We’ve all been there before… The monthly software updates are released and you diligently deploy them to your environment. At some point your manager, IT Security or Auditor asks why certain systems are not compliant. Depending on your environment, it can be hard to find answers for all of their questions.
In this series of posts, I will talk through common issues I have seen that skew the numbers for software updates, or make it difficult to explain the results.
Once we are done, hopefully you will be able to look at the SCCM Software Update process in much the same way as Neo saw the Matrix… except you’ll actually know what is going on instead of a bunch of green 1s and 0s floating everywhere you look.
This is part 1 of the “Understanding Software Update Deployment Status” (or “U-SUDS”, which is much more fun to say).
Here is the breakout of the series:
In part 1, I will be covering the Importance of WSUS Maintenance, AKA “The Care and Feeding of WSUS”.
In part 2, I will be covering Software Update Client and Scan Issues that can contribute to low compliance.
In part 3, I will be covering Viewing Update Compliance in the SCCM Console, what it means, and what it doesn’t mean, and what it really means to tell you if only you listen.
In part 4, I will be covering Enforcement status of Update Deployments (which is much different than compliance).
In part 5, I will be covering How Clients Report Compliance Status, giving you a peek into the insanity of the unknown.
Finally, in part 6, I will be covering How to Unmask the Real Culprits behind your “unknown” and “non-compliant” clients.
U-SUDS PART 1: THE CARE AND FEEDING OF WSUS
SOFTWARE UPDATE POINT SETTINGS
As part of your configuration for your Software Update Points, you had to configure the Classifications, Products and Languages you want WSUS to synchronize with Microsoft Update. SCCM will only contain information on the updates that WSUS is actively synchronizing. This means that any updates that apply to items you have not selected to synchronize via WSUS won’t show up as needing patched. Not only that, but if a new product is added to the list, it will not be automatically selected. This means that new version of Windows or Office can often go unpatched early in the rollout at an organization.
A common approach to this is just to select all Classifications, all Products, and the languages you need.
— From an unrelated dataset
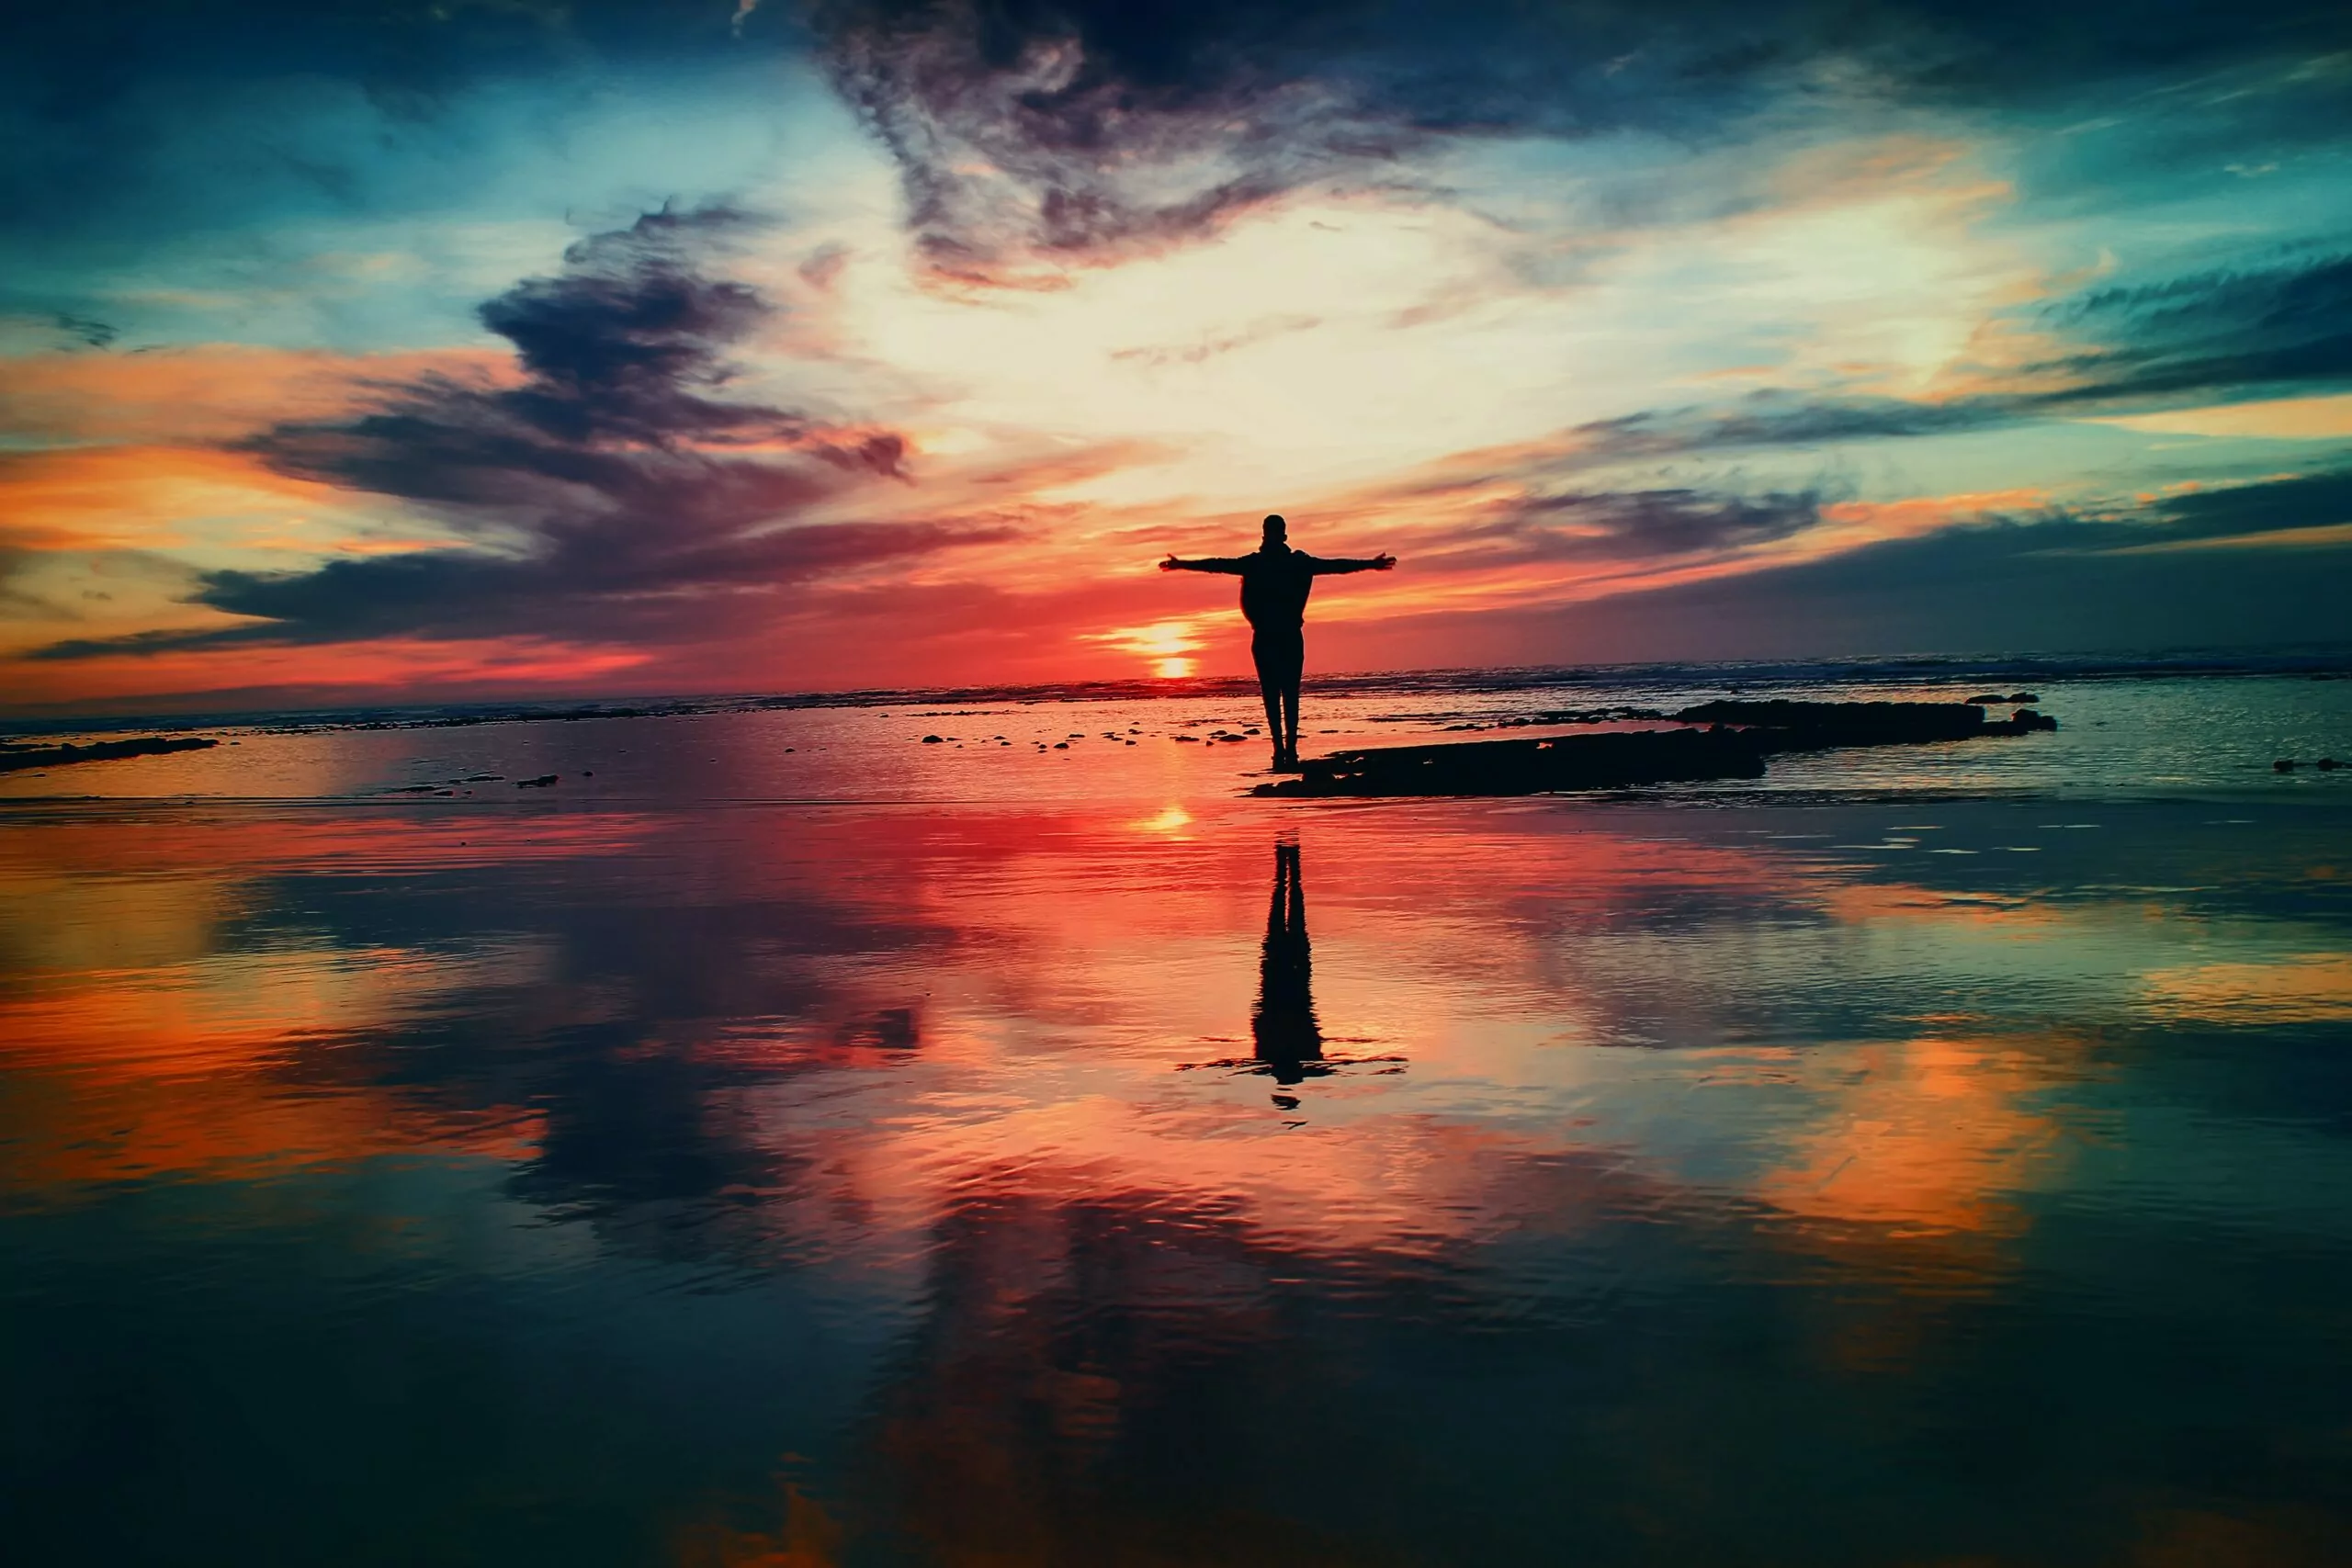 Pessoa na praia, frente para o mar, braços abertos em forma de cruz observando o por do sol em viagem espiritual

The idea is that you will not have to worry about missing data. This approach can cause many issues of its own. Definition Updates and Drivers represent a large number of items with high turnover, which can easily overwhelm an install of WSUS and bring it to its knees.
The approach I recommend is as follows:
Products: Enable all products. This ensures that you have data no matter what you are asked to patch. It also means that you will have compliance visibility on any product from Microsoft. As new products or product groups are released, they will be added to the list and selected for you.
Classifications: Enable Critical Updates, Security Updates, Service Packs, Update Rollups, and Updates for sure. Only enable Drivers if you actually plan on using SCCM to deploy drivers from Microsoft Update. Only enable Definition Updates if you are actually using Microsoft Forefront or managing the Windows Defender client on Windows 10 devices via SCCM.
Languages: Only enable the languages you actually need.
WSUS is a senior citizen among other Microsoft products. Over the years, it has been adapted to handle changes as needed, but it still basically works the same way it did when it was first released. One common issue I’ve seen is that many administrators don’t realize that WSUS needs to be actively maintained. Even worse, is that in many cases no one is even checking the status to see if there are issues until there is an actual problem, and by then the solution can be painful. Without maintenance and monitoring, WSUS can stop working, which effectively “puts the brakes” on anything software update related.
WSUS has a maintenance wizard that you can step through manually to clean obsolete updates, decline superseded updates, decline expired updates, and remove unneeded content. One gotcha is that if you already have an issue with WSUS, you probably cannot connect long enough to run the wizard.
The Microsoft Scripting Guys have posted an excellent PowerShell script that can be used to automate the cleanup for you. I recommend running it at least monthly via Scheduled Task. Not only that, but make sure you monitor the status of the scheduled task to be sure it is working properly.
One more critical thing is to be sure and re-index the WSUS database on a regular basis. The database has a lot of churn due to the constant release of updates, and it doesn’t take long for it to start to become fragmented and slow down. The Scripting Guys also have an excellent script to handle this issue for you. Even though it is marked as Visual Basic, it is actually a TSQL script.
An Easy Knockout: SQL vs Windows Internal Database
One last thing I want to cover here is the differences between using SQL or the Windows Internal Database (WID) to host your WSUS instance.
Let me make this easy: Windows Internal Database is not the solution you are looking for [Todd waves like a Jedi master, your mind softens, and you see the truth in my words].
Yes, it is true that WSUS offers the option of using the Windows Internal Database during installation, and it is easy to setup compared to SQL, but the fun ends right there.
Even with aggressive maintenance, WID will soon grind to a halt. It just isn’t cut out to handle the number of updates and the amount of client data that WSUS has evolved to use. Yes, it saves you a SQL license, but it will turn your hair gray and cost you years of your life. So take my word for it: don’t go gray, live long, and host your WSUS database on an actual instance of SQL Server.
That is all for this entry in the series. Just remember that maintaining WSUS is one of the most important tasks that an SCCM admin needs to perform.